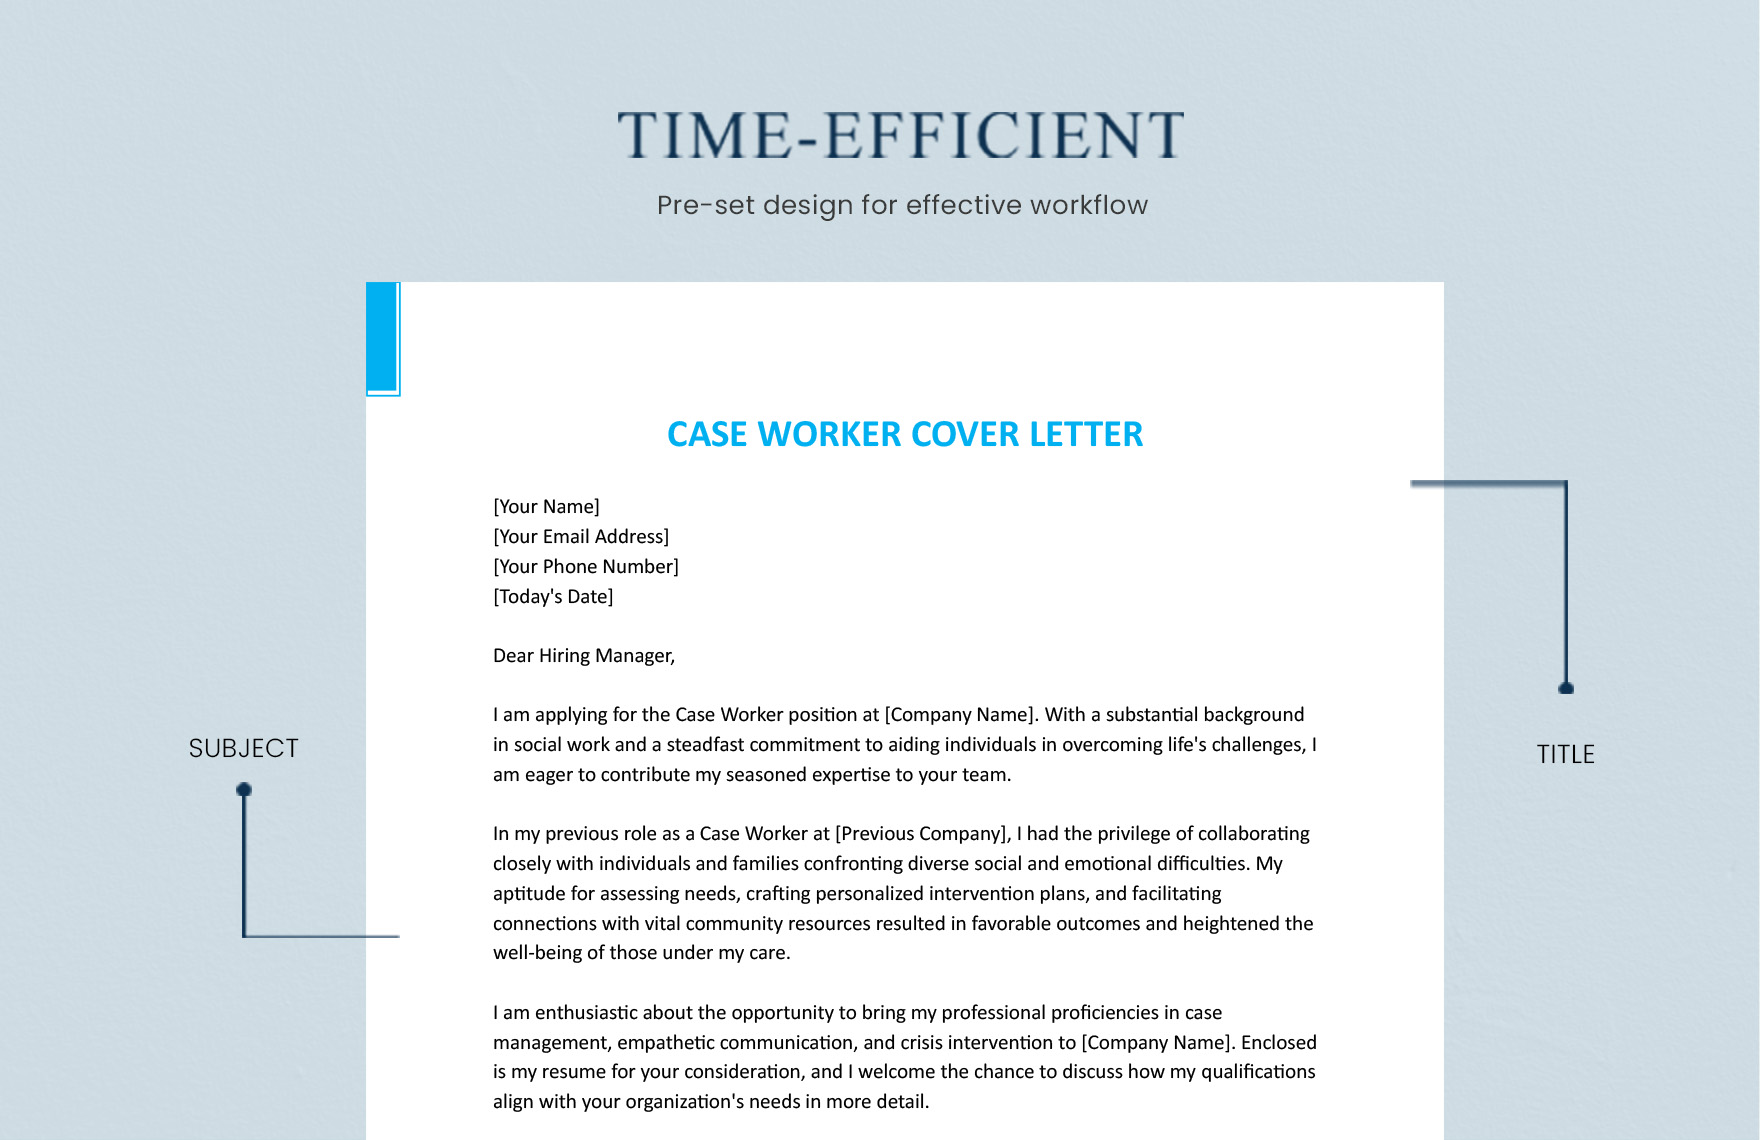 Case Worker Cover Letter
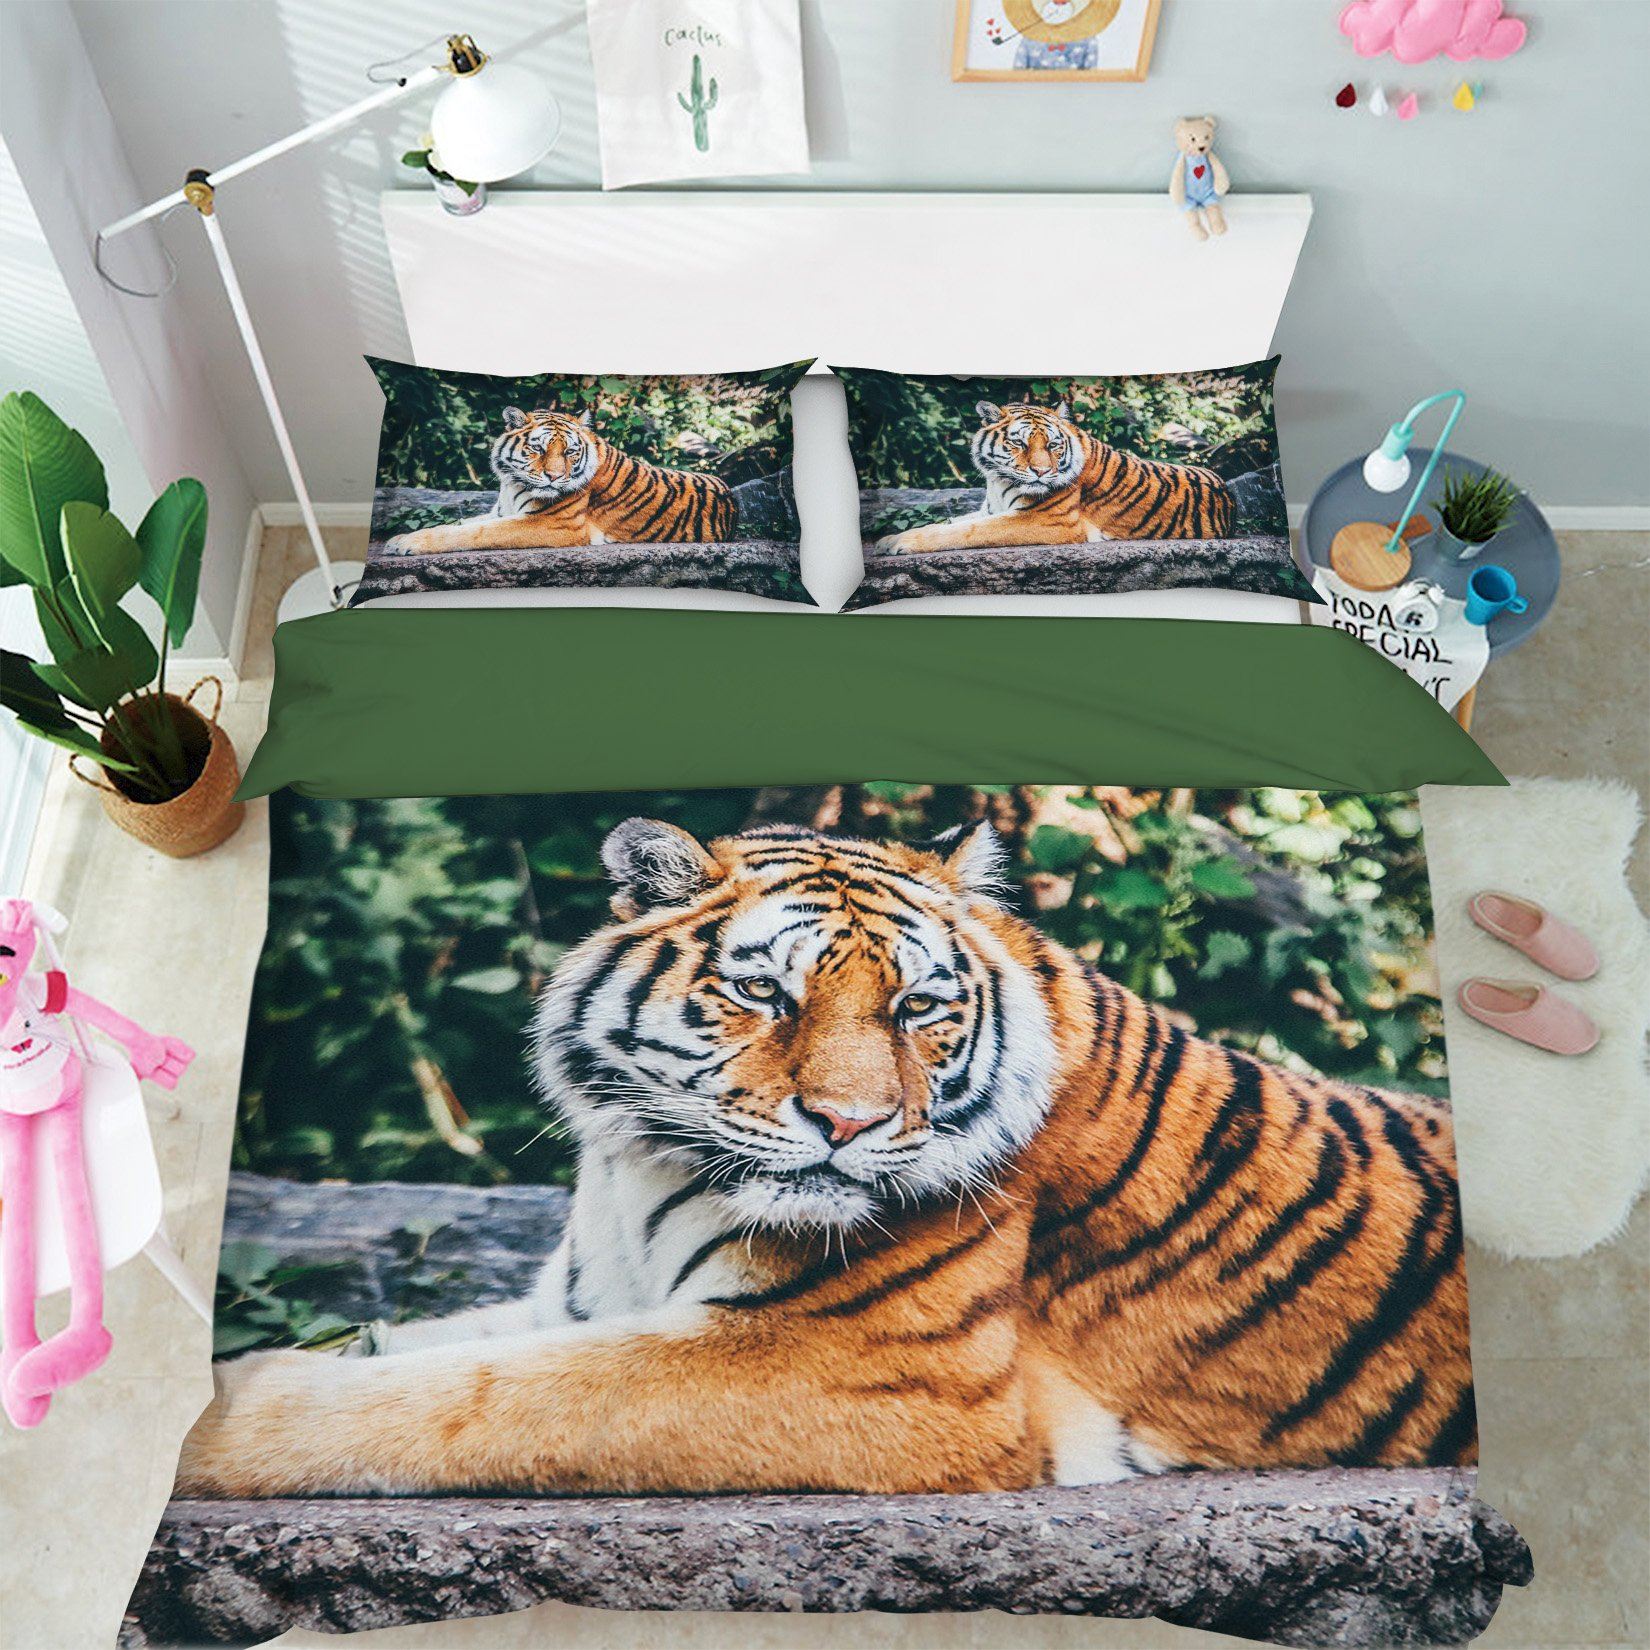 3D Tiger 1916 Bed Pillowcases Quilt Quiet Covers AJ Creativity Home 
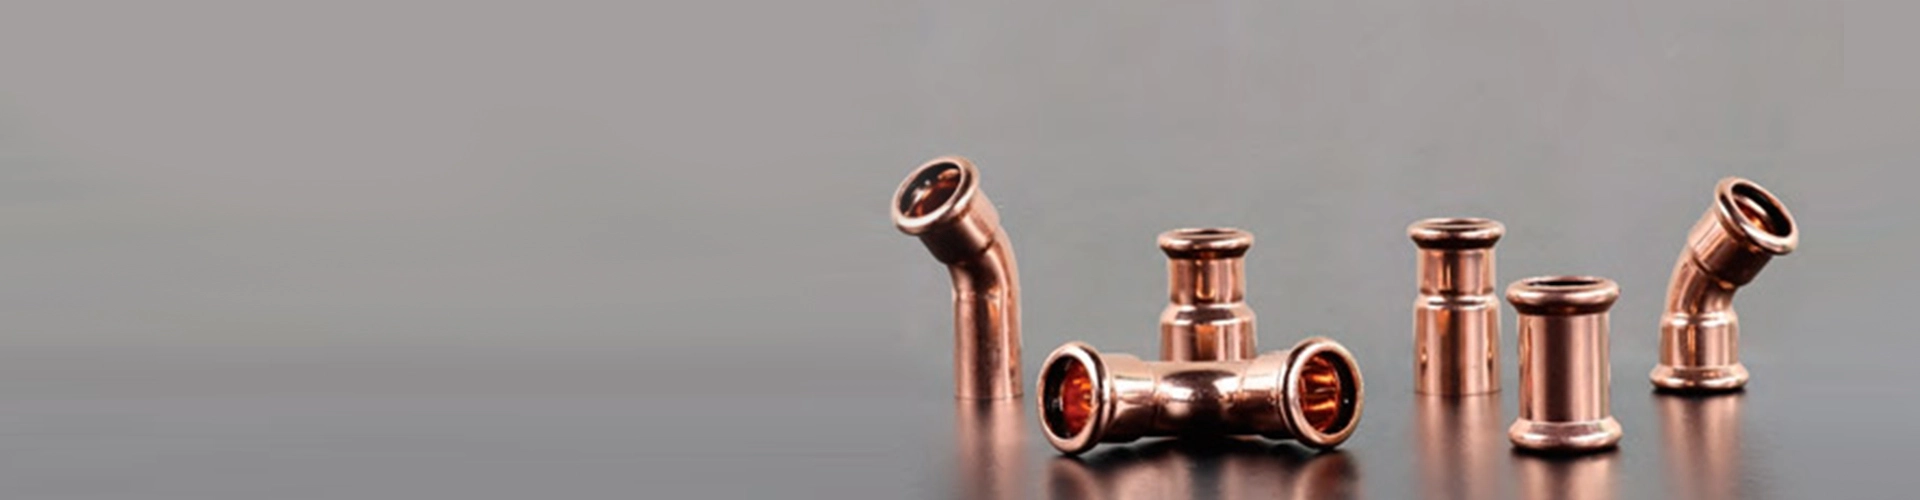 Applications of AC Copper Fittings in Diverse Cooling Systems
* * * * *
> **Goal of the exercise**
With every picture left out, print exactly the lines from the one containing "3D Tiger 1916" through the final line of the material above.

> **Written response**
 3D Tiger 1916 Bed Pillowcases Quilt Quiet Covers AJ Creativity Home 
 Applications of AC Copper Fittings in Diverse Cooling Systems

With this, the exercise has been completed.